Let's say they want to see whether Americans prefer apples or oranges. So they poll 1000 Americans with the question: What do you like better, apples or oranges? In the poll, 600 say apples and 400 say oranges.

So the headline is: "60% of Americans prefer apples to oranges". And I just don't understand this. There are 325 million people living in the USA. and yet it only takes 1000 to determine America's fruit preference? How does that make sense?

I understand the concept of random sampling. But it seems like human beings have so many variables that just sampling at random doesn't mean much. Especially in a country like the USA with vastly different cultural regions.

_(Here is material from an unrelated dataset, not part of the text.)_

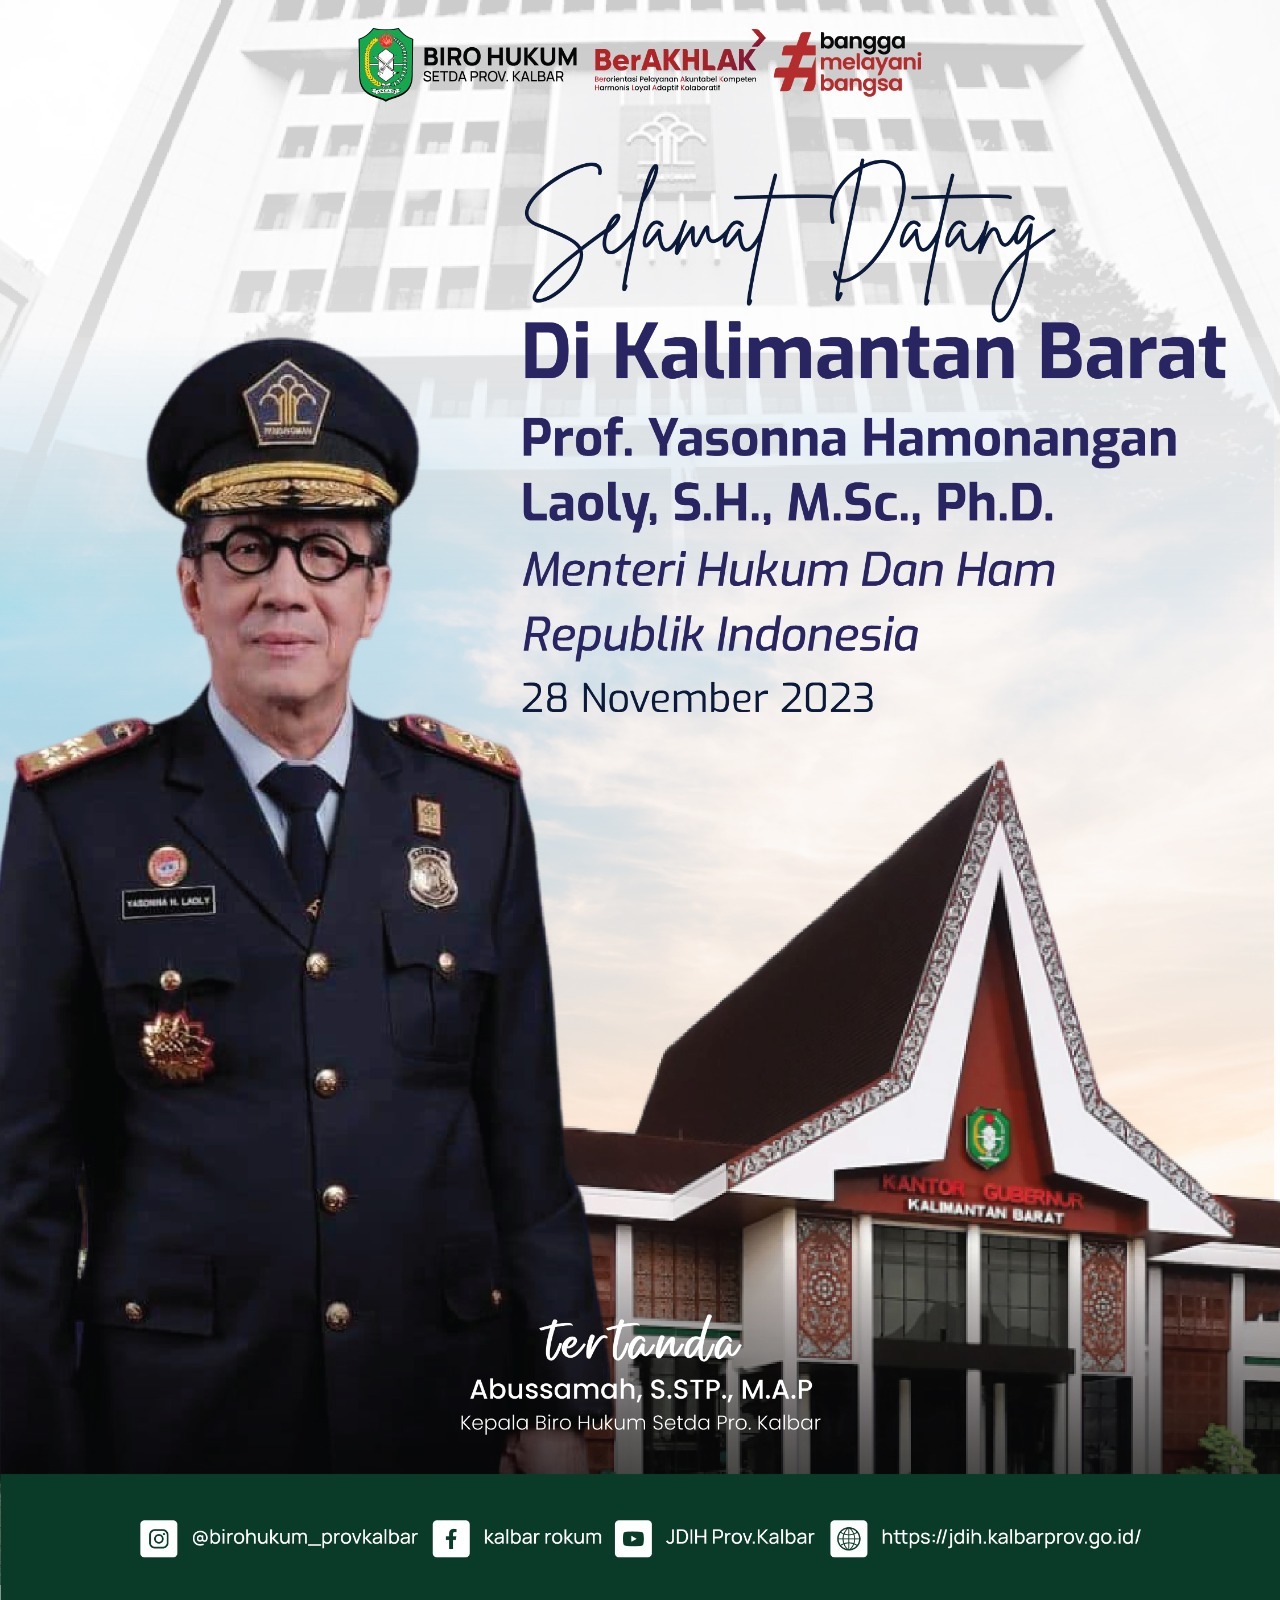 Salamat Datang di Kalimantan Barat Menteri Hukum dan HAM Republik Indonesia

And also with polls, you're only getting the people who choose to participate. Probably many people refused. Is this not something worth considering as well?

It just doesn't make sense to me, to say the opinion of 1000 people can equal the opinion of 325 million. If that's the case, why even bother having elections? May as well pull 1000 random votes from the entire country and determine the president that way. I mean, same thing, right?

Other urls found in this thread:

robertniles.com/stats/margin.shtml
i.imgur.com/CJNljub.png
twitter.com/SFWRedditGifs

YOU STUPID ASS FUCKING PIGGOT, YOU OINKING BASTARD

why are you so narrow minded? it's all about probability and choosing a large enough sample that represents the larger population in such a good way that there are very high chances that that can be said about that small pool implies that the same thing can be said about the larger pool => the entire country.

What's so hard about this, you god damned pig?

In your case it isn't the statistics that is the problem--it's the headline. Statistically what we are saying is that we ESTIMATE 60% of Americans prefer apples.

We say this because this is all the information we really say (and from a more technical standpoint this would be the maximum likelihood estimate i.e. value of the binomial success parameter that maximizes the probability of having observed that particular sample).

What's more is that we can use this information to test hypotheses about more general statements-- Do more Americans prefer apples or oranges,etc.

In short, we can't say for certain that 60% of Americans prefer apples, but this is simply a good guess based on the information available that we can then use to make more general statements about the preferences among the general population.

Typical engineering mathematics guy

You are correct. 1000 people cannot be used to make a generalized statement about 325 million peoples. You need about 50 million people. Anything less is politics, not mathematics.

>You need about 50 million people to make a generalized statement about 325 million peoples.
What the fuck?

Wrong. 1000 people CAN be used to generalize. As long as the sample is randomly selected, and therefore, representative of the population. A sample size of 1000 estimating a population of 325 million has an error of roughly 0.03 (3%).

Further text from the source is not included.